CATERPILLARS are one of those creatures that, as a ranger, I seem most frequently presented with.

I suppose they are easily captured and some are weird and fantastic shapes that attract and intrigue. To my shame, caterpillars are one of those creatures I find hardest to identify.

This is not really helped by the fact there are more than 5,000 different species of moth and butterfly in Britain with each having a caterpillar stage to their life cycle.

Even within the butterfly and moth family, caterpillars of different species can look incredibly similar requiring a microscope to tell apart and none of them look anything like the butterfly or moth they eventually turn into.

Caterpillars are basically the feeding stage of the butterfly or moth's life cycle.

All caterpillars have a hardened head. This is fitted with strong jaws with the lips of the mouth beneath these having silk producing glands. These produce liquid silk that dries in the air to produce tough strands of silk. This silk is used to produce shelters from leaves, escape lines and the material to construct their cocoon.

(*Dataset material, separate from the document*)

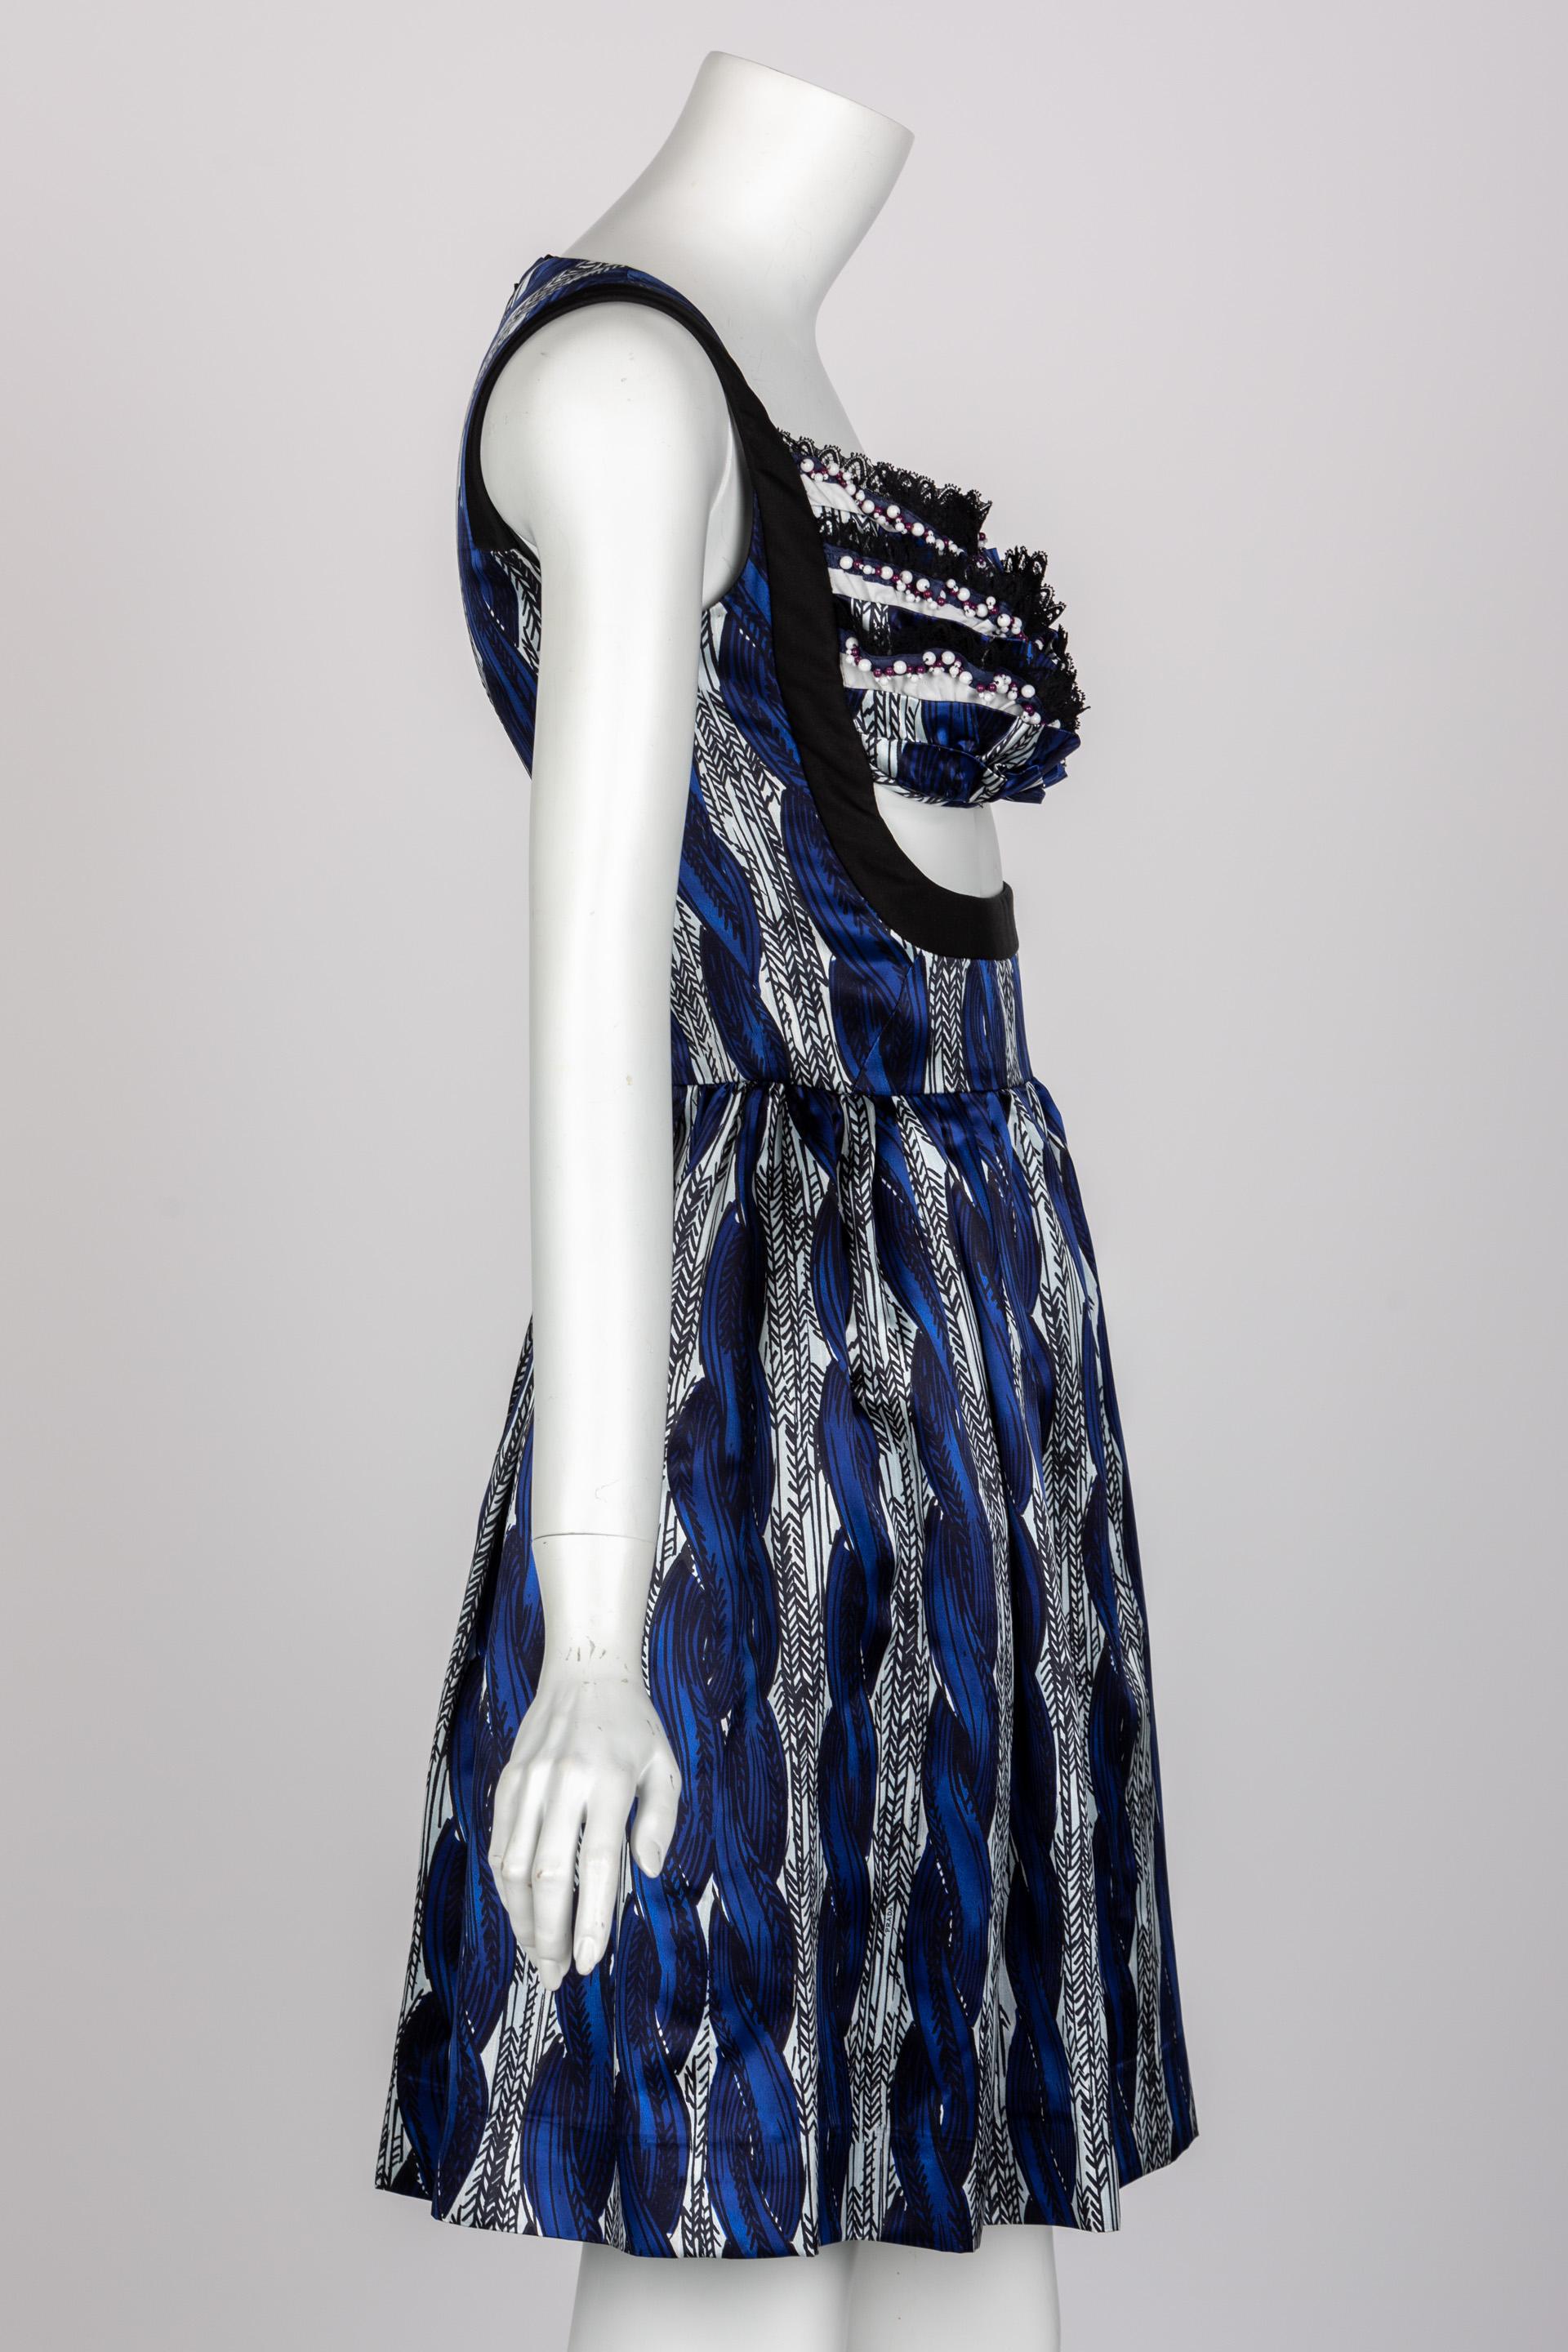 Prada Silk Cable Knit Blue Black Printed Cut Out Dress Runway Fall 2010 In Excellent Condition In Boca Raton, FL

The body of every caterpillar has 13 segments. Only the first three have true legs. These end in grasping claws, which the caterpillar uses more for the holding and feeding food into its mouth than for walking. The other segments of the caterpillar's body have leg-like structures but these are not technically seen as legs.

Nethertheless, they are very effective at allowing the caterpillar to move in a waddling sort of way or, in the case of the Geometridae family, in a strange looping sort of motion. These short, stumpy legs have tiny hooks at the end and can secure a caterpillar quite firmly to a plant.

The rearmost segments, the false legs, are a little more specialist and have a strong clasping action.

The bodies of the caterpillars are covered in hairs and these give the caterpillars their distinctiveness. Some have tiny insignificant hairs while others can have spectacular and diverse hairstyles.

The more boldly patterned and coloured ones' aim is to startle and confuse would-be predators or warn them off with fearsome poisonous defences. In other caterpillars, their colouration and hair arrangements try to blend them into the background or to make them look as inedible as possible.